Indeed, activists are already gearing up to pressure SeaWorld to end all mammal captivity with the eventual goal of ending its business model. Activists at the Humane Society of the United States (HSUS) have claimed this move is only a “first step.” And People for the Ethical Treatment of Animals staged a protest at SeaWorld just three days after the company’s announcement.

In the words of Mark Simmons, a former SeaWorld trainer, “This capitulation to HSUS, which I think is a PR move, has really emboldened HSUS and their ideology — not only against the zoological field but their entire animal-rights mentality . There will be calls for the end of dolphin shows and dolphin breeding and elephants [in captivity].”

And while SeaWorld may be the case study, it is simply following in the footsteps of many companies that hid from activist pressure and paid the price. Soda manufacturers now see their brands threatened after several years of falling sales because food activists have successfully demonized the product.
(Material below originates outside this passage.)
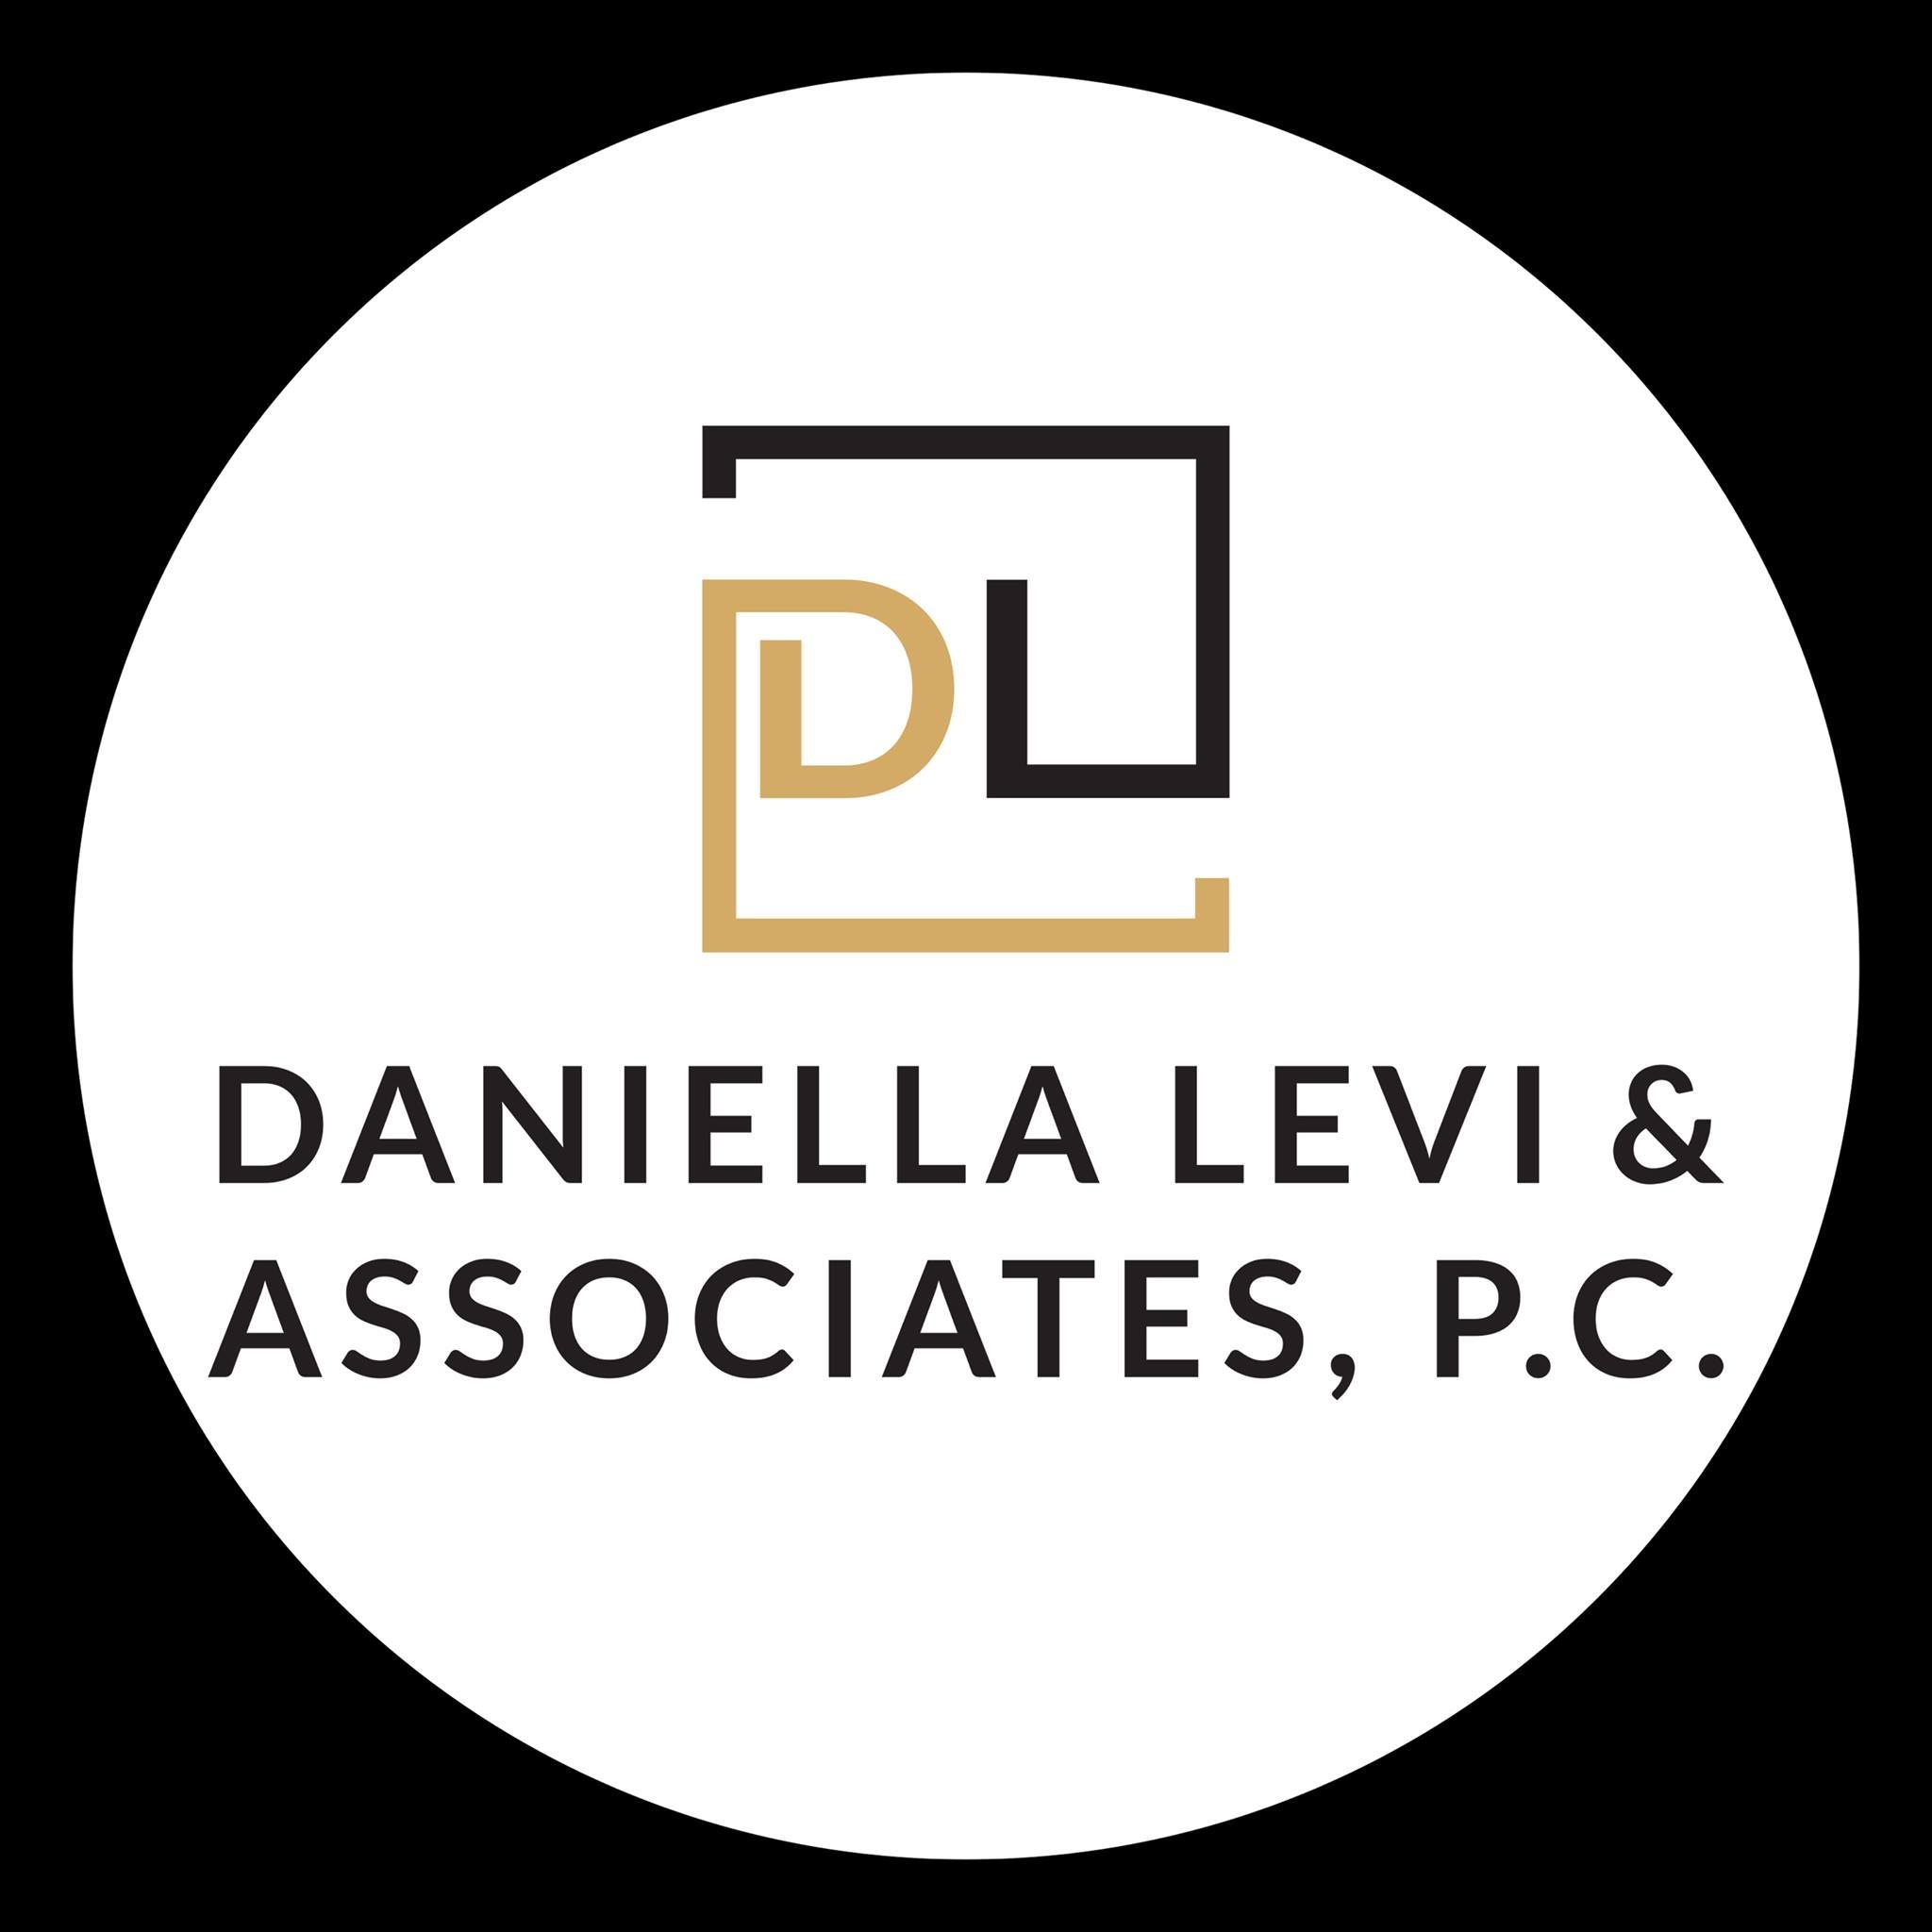 Daniella Levi & Associates P.C.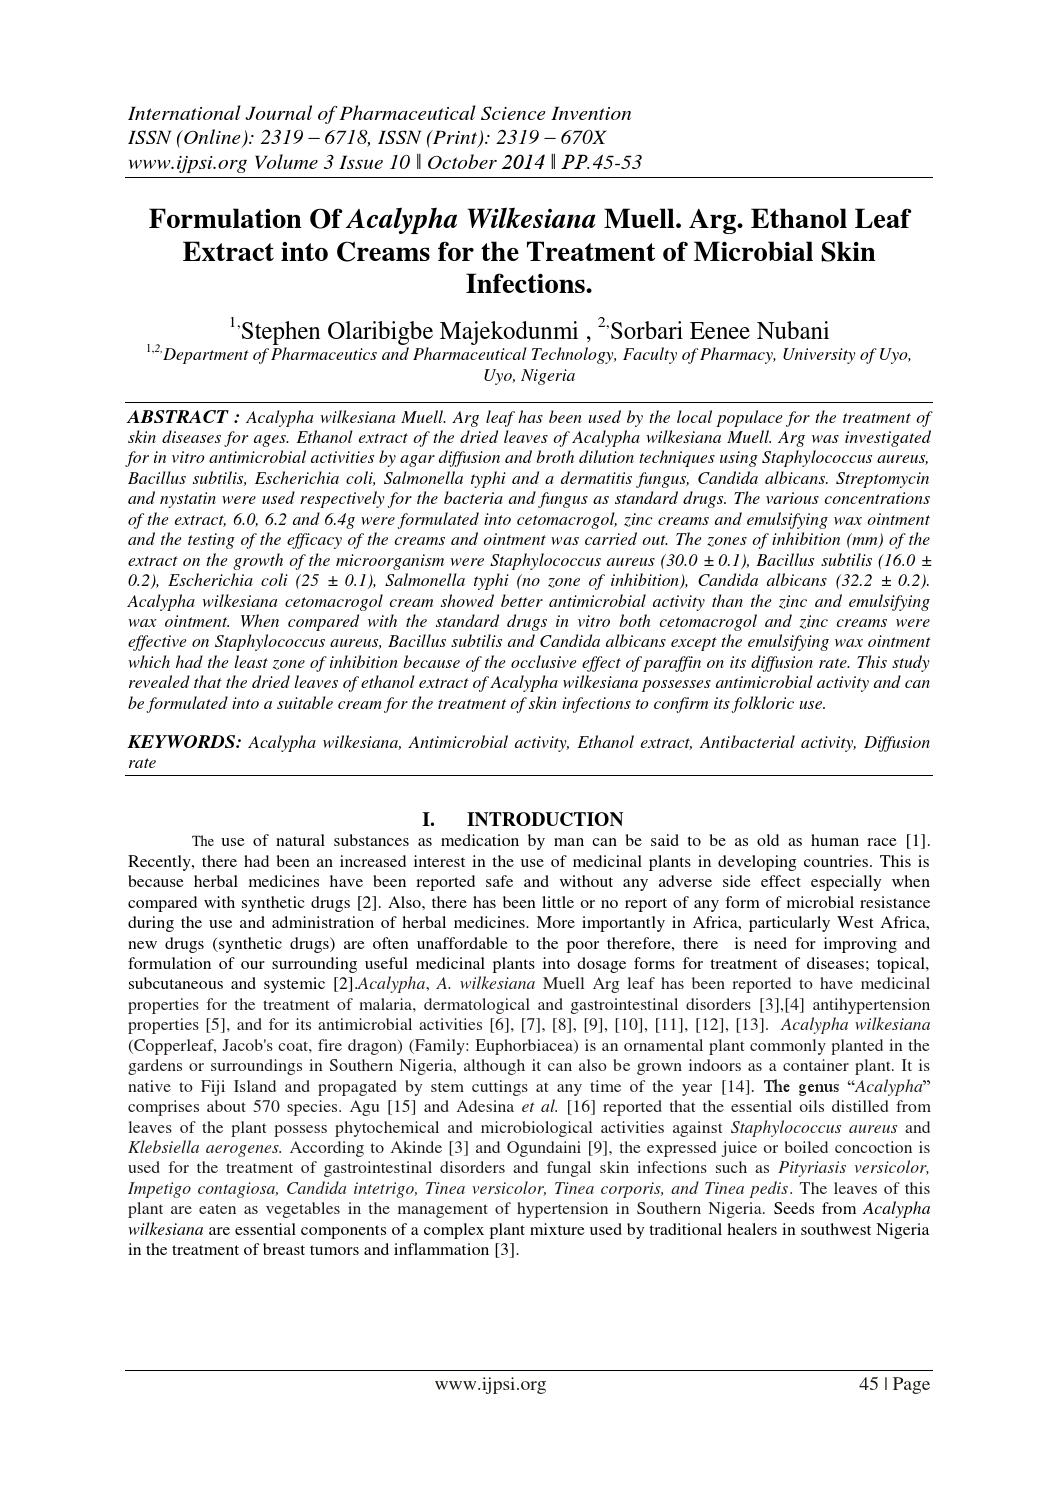 Formulation Of Acalypha Wilkesiana Muell  Arg  Ethanol Leaf

Engaging in various local fights on soda taxes is too little, too late. And very expensive.

Small-business owners who compromised in the face of moderate minimum wage increases are now seeing their entire businesses threatened as labor activists have come back for even bigger wage hikes. In California, the ink is barely dry on the state’s new $15 mandate, and Oakland activists are already pushing for a new $20 minimum wage.

Business leaders need to take a new approach to threats in their issue space: Respond early, forcefully and totally to threats to the company or industry brand. Undermine activists’ (nonexistent) credibility and rally the public to your side. Hiding from and eventually apologizing for your position simply cedes the moral high ground to the activists. Compromise and surrender only embolden them.

Richard Berman is the president of Berman and Company, a public affairs firm in Washington, D.C.